Housing Harder for Americans to Afford in Q3

If you feel like home prices are out of control, there’s some data that lends a little credence to your theory. According to a study published at the end of September by ATTOM Data Solutions, housing affordability is rising in many counties across the United States.

ATTOM, RealtyTrac’s new parent company, revealed that almost a quarter of the 414 U.S. counties they track are currently less affordable than their historical average. The Q3 price data shows a year-over-year jump of five percent and a quarter-over-quarter jump of about two percent. The 24 percent of counties showing higher-than-historic-average affordability in Q3 2016 was the highest mark for that metric since 2009.

ATTOM’s report showed 101 out of 414 tracked counties with an affordability index less than 100. A score below 100 means a median-priced property in that county is less affordable than a historical average calculated from data going back to the beginning of 2005.

The affordability index also factors in the percentage of wages required to make house payments on a median-priced property. The theoretical payment includes property taxes, insurance, interest on a 30-year fixed rate mortgage (minus a three percent down payment), and a principle.

Not All Bad News

The report had good news for homebuyers in some counties across the nation. Affordability improved in some of the U.S. housing markets that had previously seen the most price inflation. That’s a good sign that home prices are starting to react accordingly to affordability constraints. For buyers that have been holding back because they felt priced out of a market, this is a positive development that may signal more correction ahead in Q4 and into 2017.

At the County Level

Of course, the overall picture is that homes are getting less affordable.
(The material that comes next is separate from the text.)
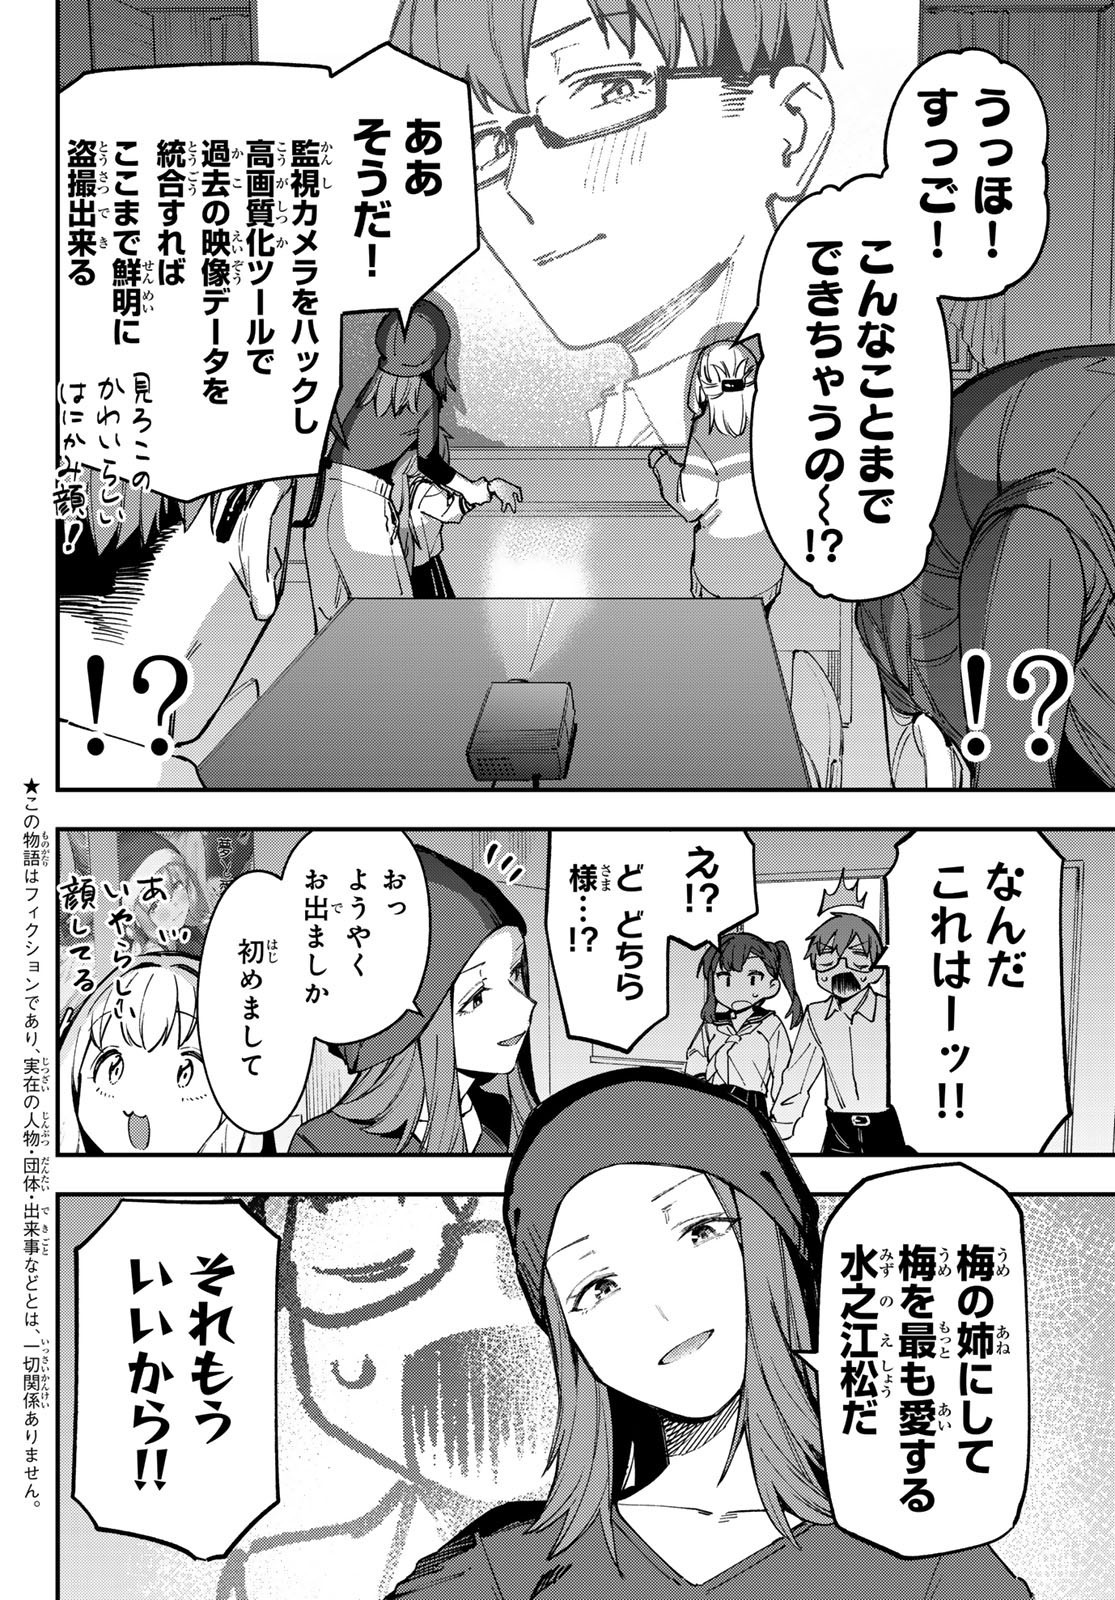 Seitokai ni mo Ana wa Aru! - Chapter 075 - Page 2
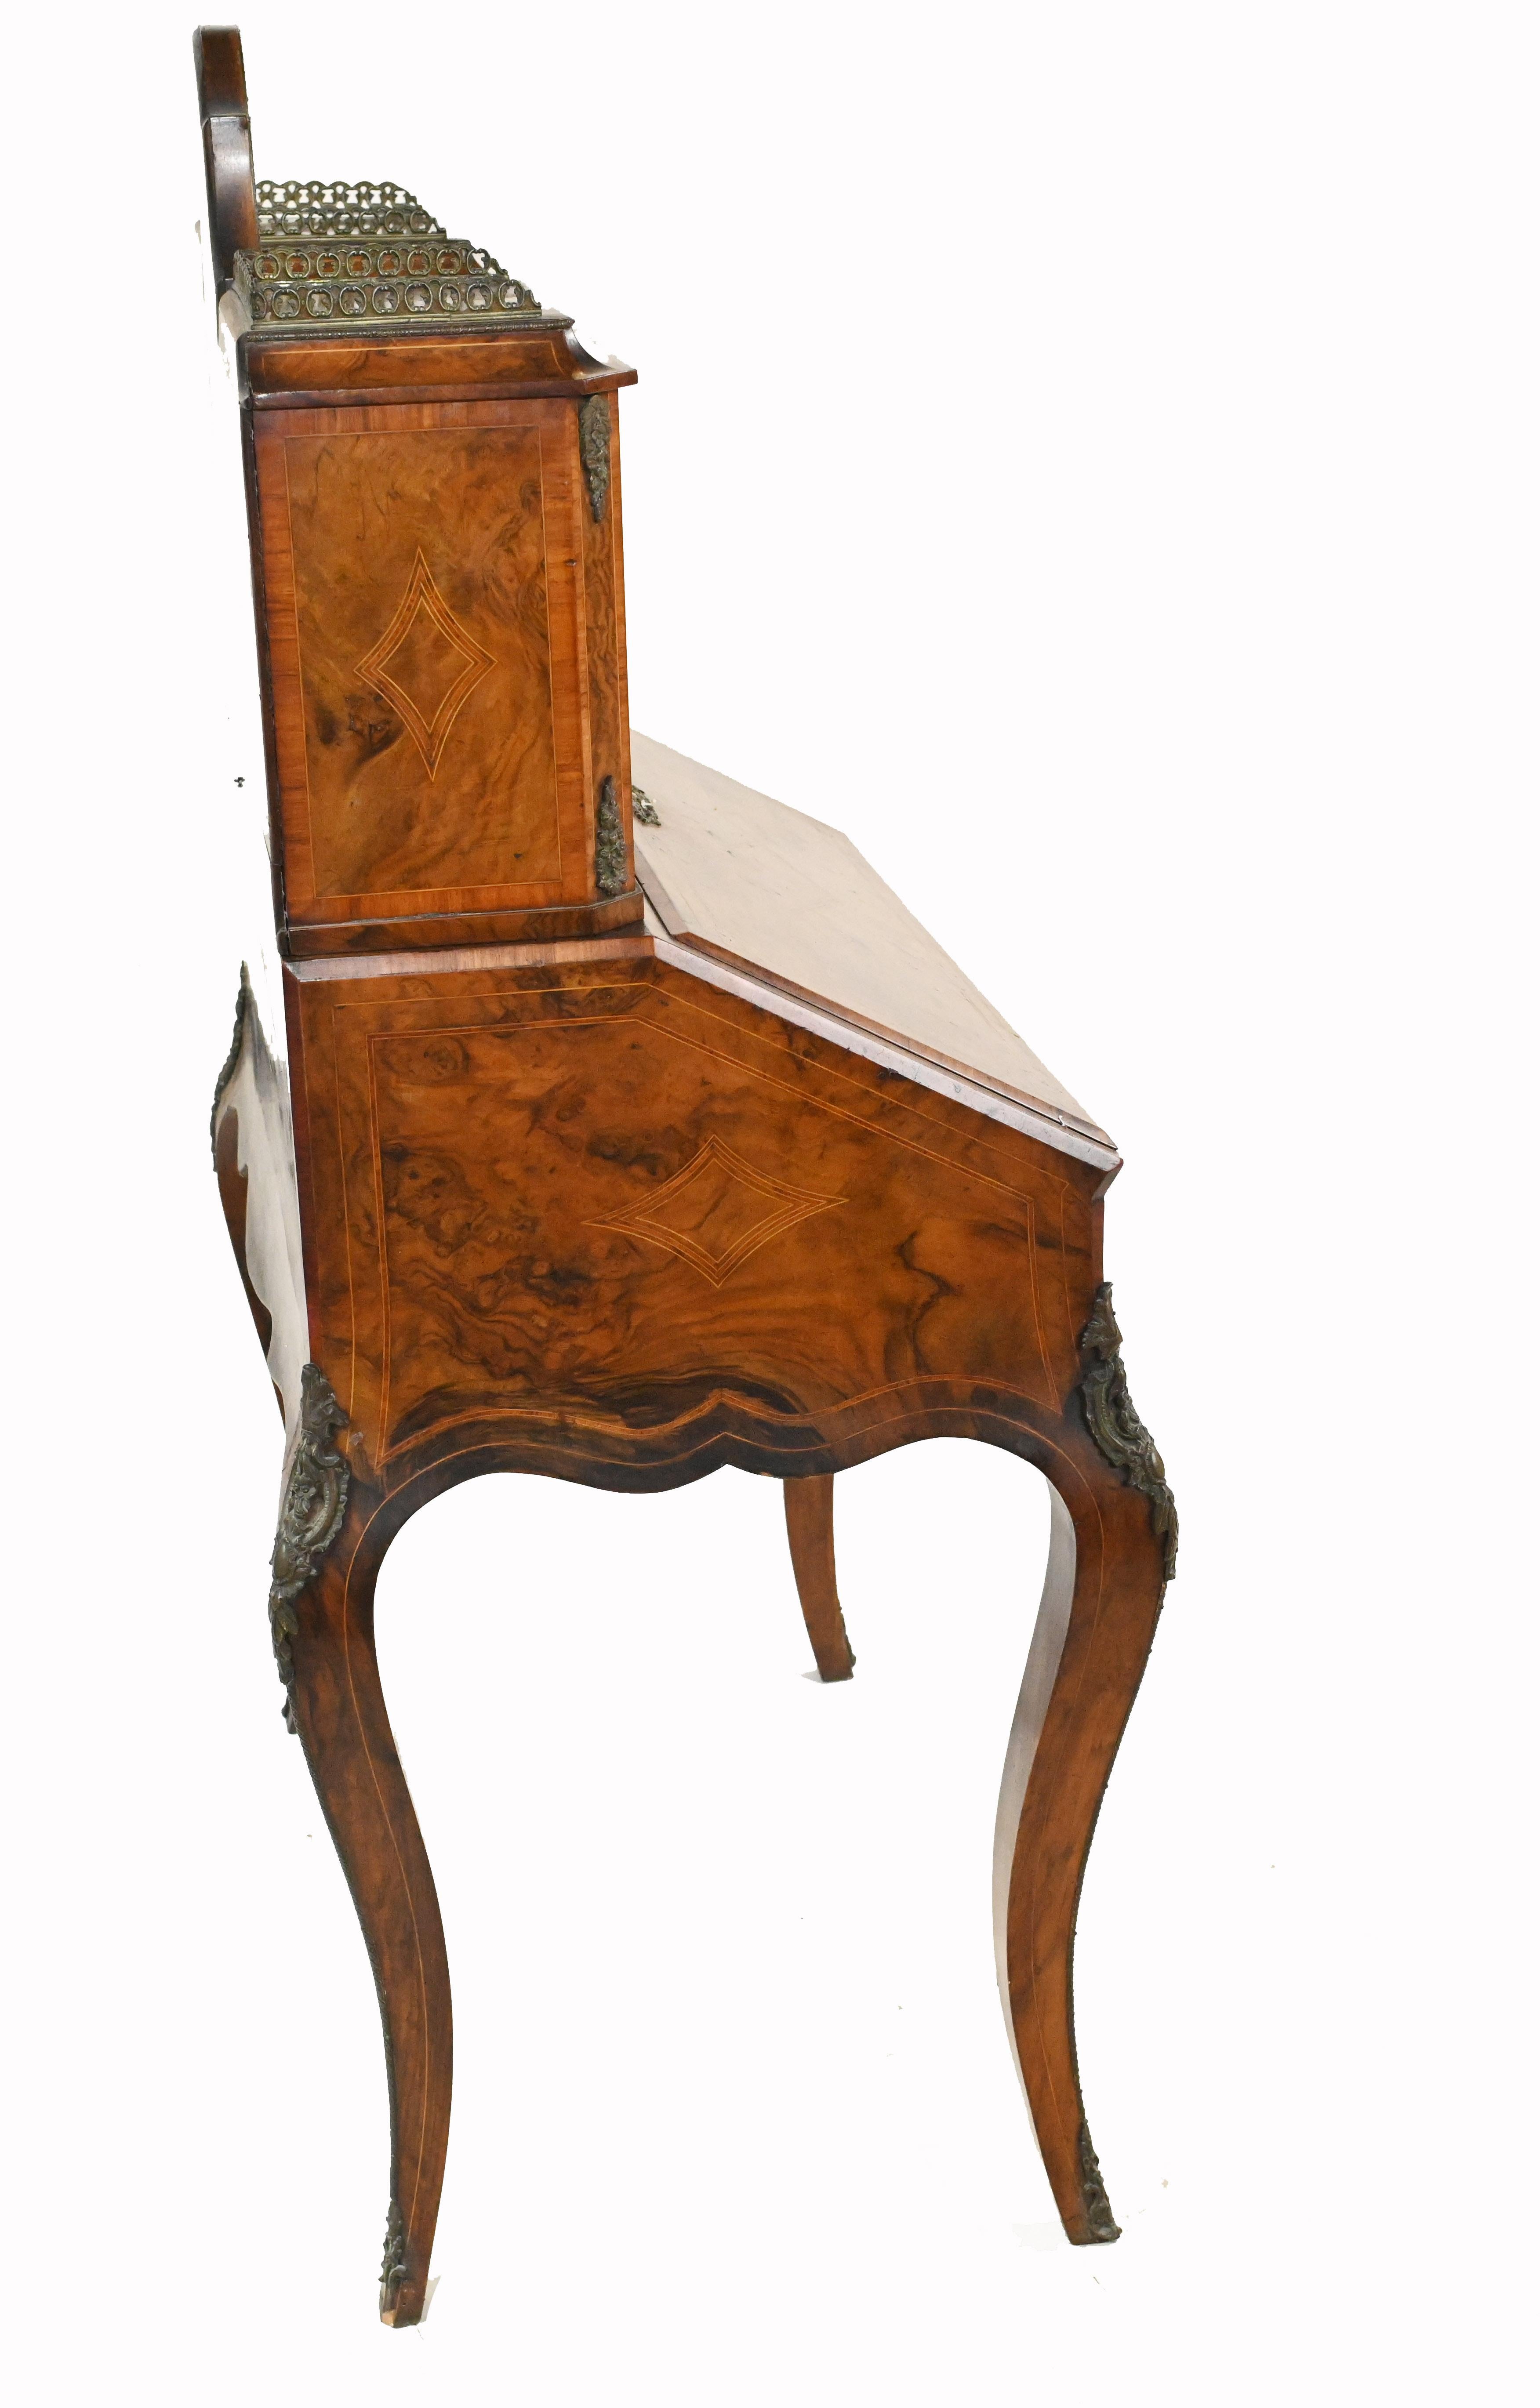 Antique French Desk, Walnut Bonheur De Jour Ladies Desk circa 1880 For Sale 2

The pricing situation worsened in 261 counties tracked by ATTOM. Median home price growth outpaced wage growth in nearly 90 percent of the 414 counties in the study.

The trend in the two previous quarters of 2016 was the opposite of what took place in Q3. In the second quarter this year, the percentage of counties with higher home price growth than wage growth dropped to a recent low of 58 percent.

One major reason for the worsening of the price and wage gap was the stagnation of income. Looking at the 414 counties in the report, average weekly wages fell by 0.1 percent in the third quarter.